Государственная гимназия, где Кафка учился, была образцовым учебным заведением, которое давало глубокие гуманитарные знания. Юный Франц изучал, кроме немецкого и чешского, древнегреческий и латинский. Гимназисты читали на языке оригинала «Илиаду» и «Одиссею» Гомера, «Антигону» Софокла, труды Платона, «Метаморфозы» Овидия. Образы античной культуры станут позже важной частью художественного мира Кафки. В выпускных классах систематически изучалась немецкая литература, начиная с истоков. Особое внимание уделялось классике: Лессингу, Грильпарцеру, Шиллеру и Гёте. И автор «Фауста» навсегда останется любимым писателем Франца, к которому он относился как к божеству. В гимназические годы, кроме обязательной программы, Кафка жадно читал и обсуждал с друзьями книги Фридриха Ницше, Августа Стриндберга, Гуго фон Гофмансталя.

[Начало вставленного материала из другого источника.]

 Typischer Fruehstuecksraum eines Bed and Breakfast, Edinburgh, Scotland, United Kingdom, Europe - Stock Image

В 1901 году, в самом начале ХХ века, 18-летний Франц заканчивает гимназию и начинает обучение в Немецком университете Праги. В школьном возрасте он говорил о своем желании поступить на философский факультет. Но неожиданно для всех в течение первых двух недель безуспешно изучал химию, а потом записался на юридический факультет. В летнем семестре 1902 года Кафка посещает лекции по германистике, но связать себя с этой наукой не решается. Все студенческие годы с 1901 по 1907 годы он изучает юриспруденцию, не испытывая большого интереса к этой науке, однако прилежно занимается и получает степень доктора права.

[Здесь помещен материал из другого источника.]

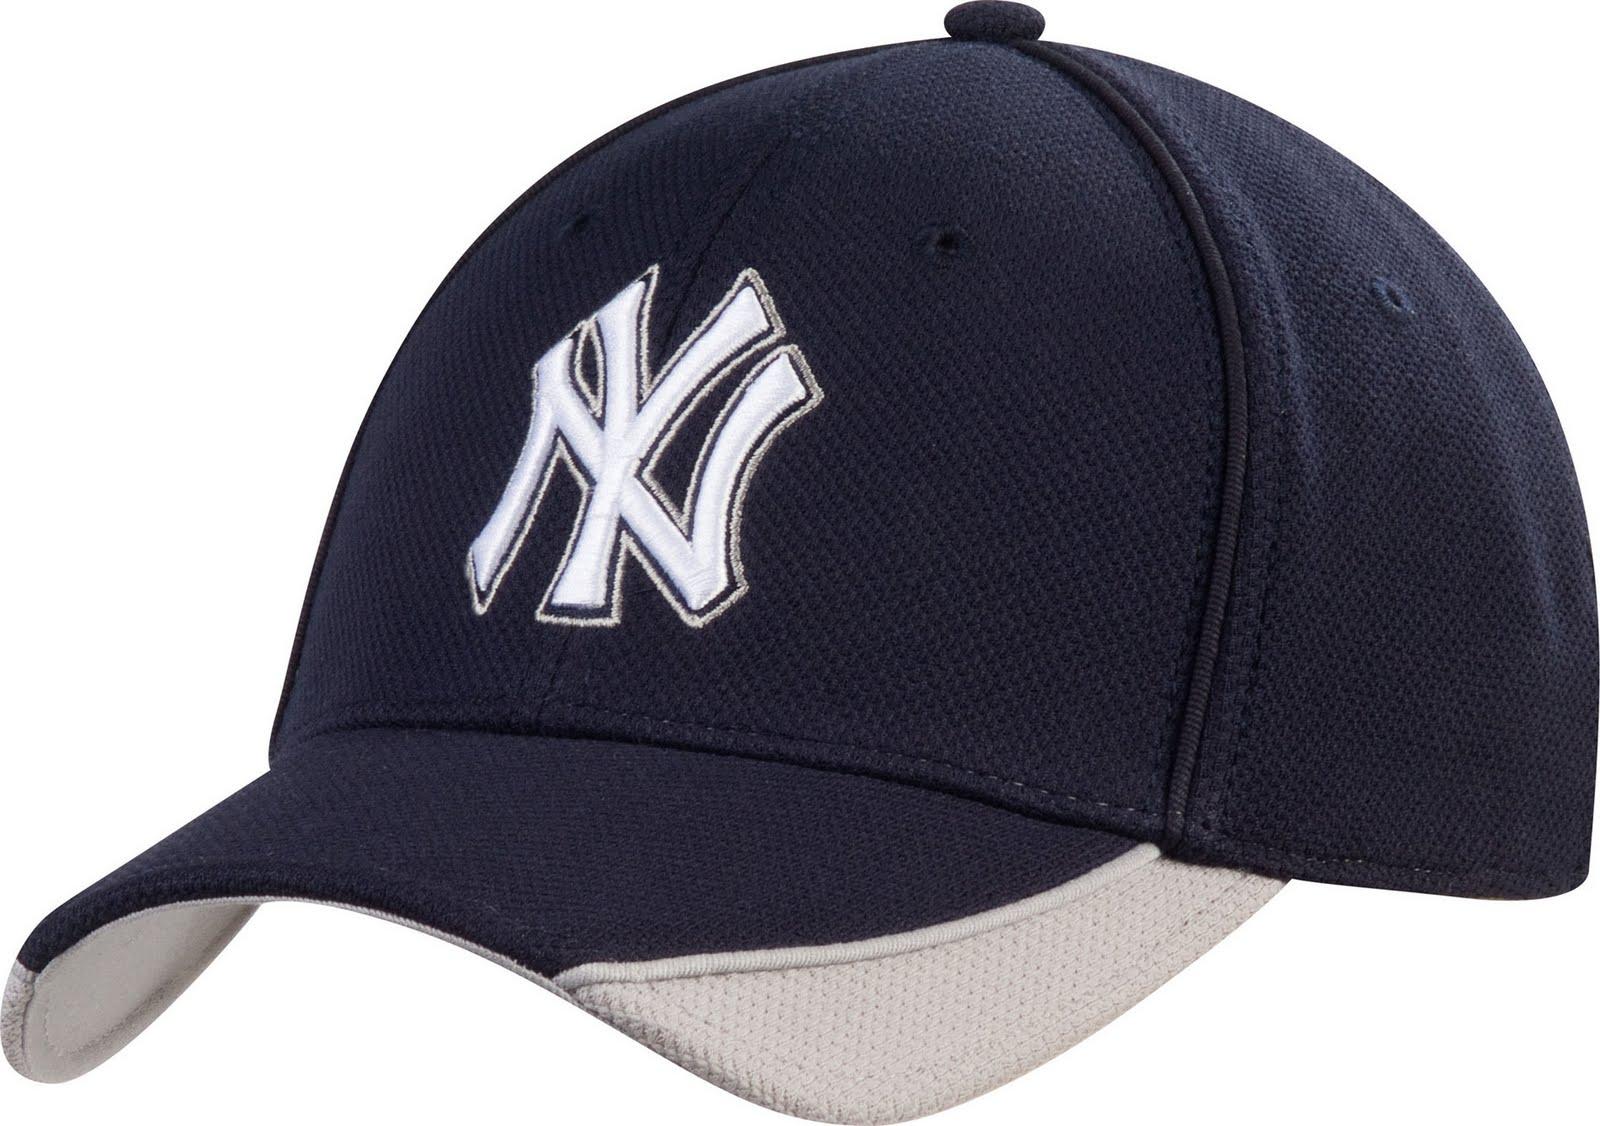 Yankies baseball cap clipart jpg free stock Free Yankees Cap Cliparts, Download Free Clip Art, Free Clip ... jpg free stock

Во время обучения Кафка познакомился со своим ровесником студентом-юристом Максом Бродом (1884—1968), который позже станет немецкоязычным чешским и израильским прозаиком, философом, журналистом, публицистом, переводчиком, композитором. Брод будет автором более 80 книг, статей и эссе. Но теперь он известен исключительно как друг Франца Кафки, его биограф, душеприказчик и первооткрыватель его таланта. Дружба двух писателей станет для них важнейшим событием в жизни. Именно Макс Брод разглядит в Кафке гения, будет искать издателей для его книг, введет его в литературный круг Праги и сыграет ключевую роль в посмертной публикации кафкианского наследия.

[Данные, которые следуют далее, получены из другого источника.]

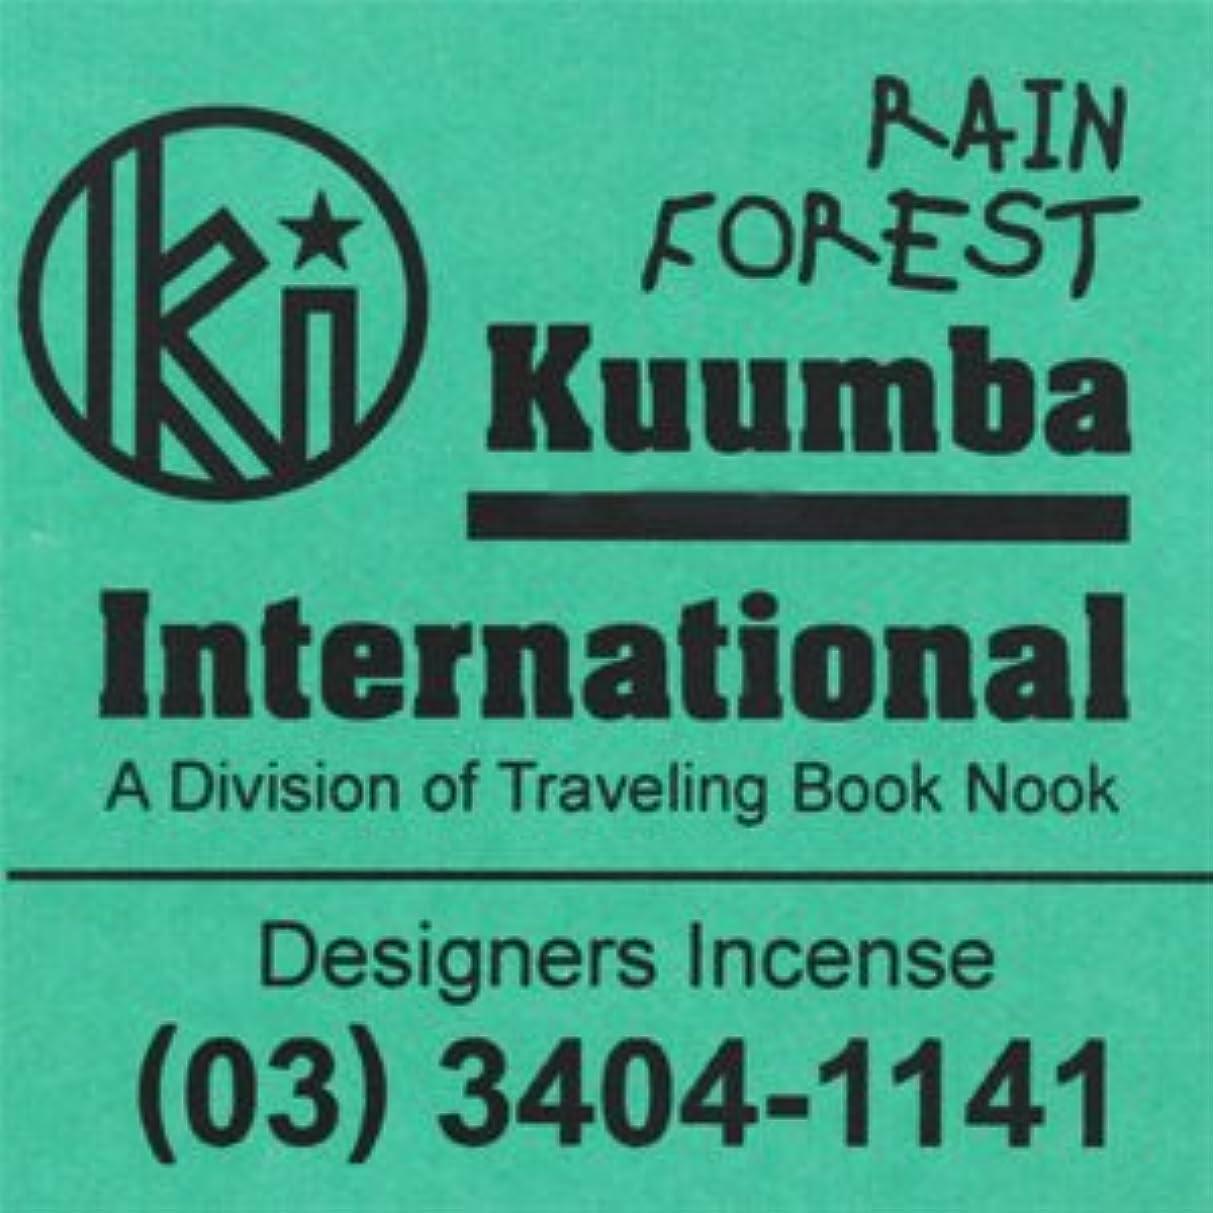 敵対的ブーム重荷KUUMBA/クンバ『incense』(RAIN FOREST) (Regular size)

Постепенно Франц Кафка обзаводится и другими друзьями – это писатели Оскар Баум (1883—1941) и Феликс Вельч (1884—1964), историк искусства Оскар Поллак (1883—1915) и другие. Все они были молодыми людьми, которые составляли что-то вроде литературного кружка: друзья собирались по воскресениям, обменивались рукописями, обсуждали философские труды. Кроме того, в университете Кафка присоединился к студенческой организации «Галерея лекций и чтений немецких студентов», которая занималась проведением вечеров, посвященных литературе и философии. Там он занимал должность ответственного по вопросам искусства. На протяжении всей жизни Кафка сохранит интерес не только к искусству, но и к философии, постоянно обращаясь к трудам Иммануила Канта, Георга Гегеля, Сёрена Кьеркегора, Фридриха Ницше, Мартина Бубера.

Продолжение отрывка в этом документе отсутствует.